Richard Wagner, Father of Modern Music.


Over the years like many artists, I like to paint accompanied by classic music. My favourite composer has been J S Bach, mainly because I find his mathematical structure and discipline soothing, helping me decide what to do next. Anyone who has followed this blog over the years will know my artistic vision moves between different extremes. At one moment controlled and planed, at others free to run where the moment take me in an expressionist manner. Music among all the art forms has a presence that you can not ignore, unlike a painting you do not wish to engage with you may shut you eyes or turn away. This of course is not possible with Wagner, whether you like it or not his music fills the entire space wanted or not.

Years ago in my youth, I became addicted to Japanese Koto and Shakuhachi music, a sound that seems to grow on me. I would start my day with a little meditation, lying on the floor and let the sound of the koto drift over me and carry me away on a spiraling snake of smoke that wove its way ever upwards through forest and mountain imagery. This was very influential at the time as I began to hear music in visual terms, a taint that has remained over the years. Which bring me to Wagner who celebrated his 200th birthday the other day, if it is possible for him to celebrate such an event. Poor Wagner has had a lot to put up with over the years, his association with German National Socialism has not helped. Considering he died in 1883 nearly 35 years before Hitler's rise to power, it has always seemed absurd to me that in some quarters he is tared with such a  brush.  In Australia all German music was banned from being put to air on the radio during World War II, and only a few years ago the Israeli public went into melt down at the mere suggestion that a Wagner composition should be included in a concert, such it would seem is the power of music.

Wagner was interested in the grand picture and set a new course for musical composition. He liked to lead his listeners slowly into the folds and half hidden melodies of his works. A rich tapestry that at times overwhelms our senses as his music takes control of self. There seems to be no boundaries between the music and the world around us. This very quality of course is what was so attractive to later political figures, for it allowed them to move the masses on an unprecedented scale, to meld them to their will. Wagner leads us with large letters into his world that becomes our world as well, melding into one. This is what I like so much about Wagner, the sense of the grand picture the expansive vision.

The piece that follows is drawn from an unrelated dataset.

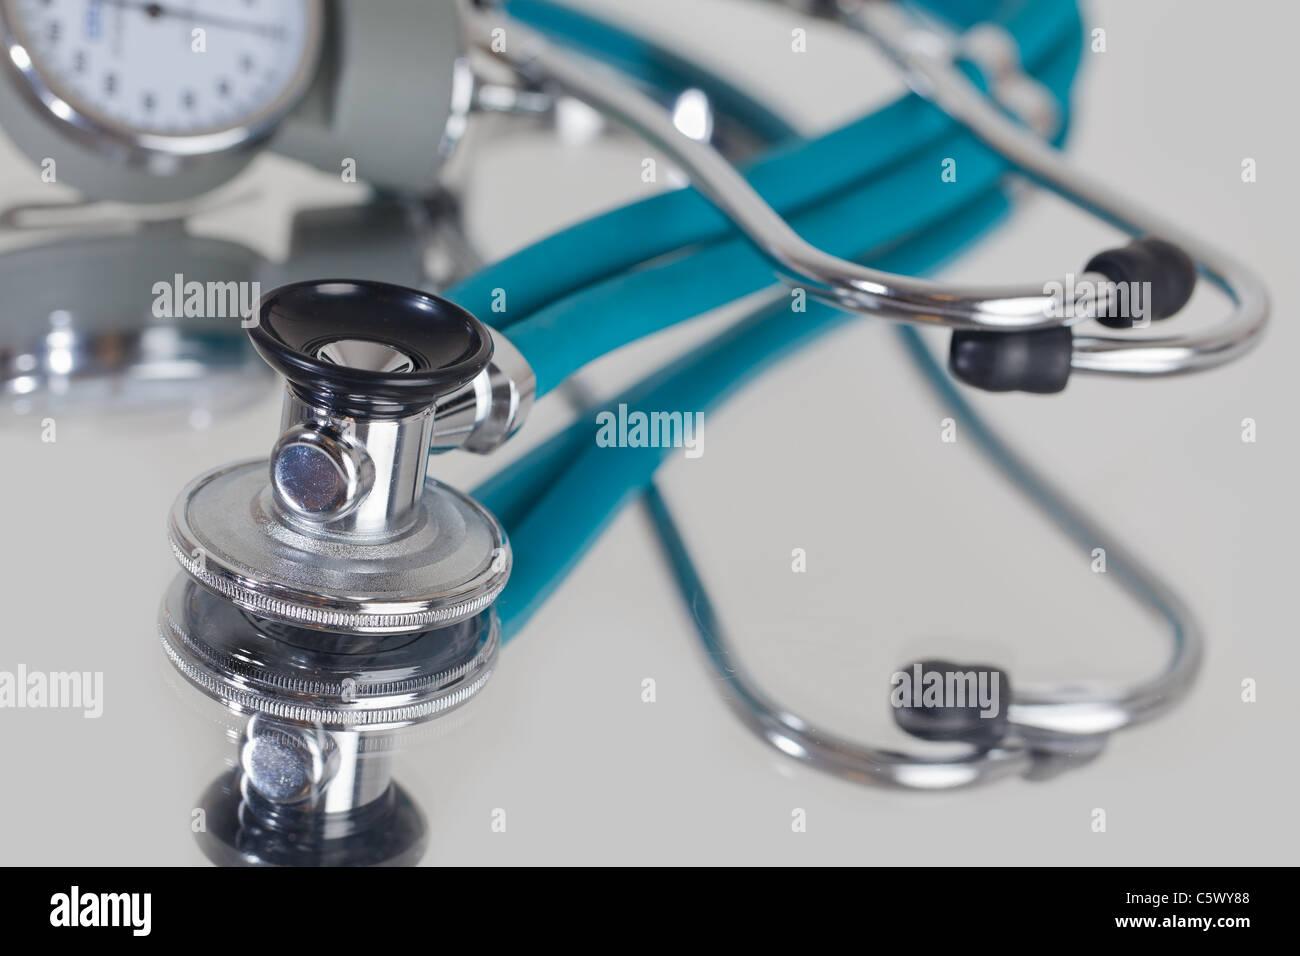 Stethoscope on Blue Reflective surface - Stock Image

This afternoon as I listened to The Flying Dutchman, Overture, a work based on his own experience in a stormy voyage on the Baltic in 1839. An experience that he felt would see the end in both his and his wife's death. Anyone who has ever experience a serious storm at sea, and I mean serious will relate to this work, the shrill of the wind in the rigging, the crushing raging strength of the waves against the ship's sides, often followed by a dreaded still moment of silence.

Music is capable of influencing our physical, mental, and emotional state in a direct way, we can not look away. Wagner has this capacity to suggest through musical forms, ideas and characteristic special to him. It has a completeness and purpose all of it's own. His music has not however always been popular, Berlioz, once suggested that Tristen und Isolde was a degenerate work, yet today it stands of one of Wagner's master composition.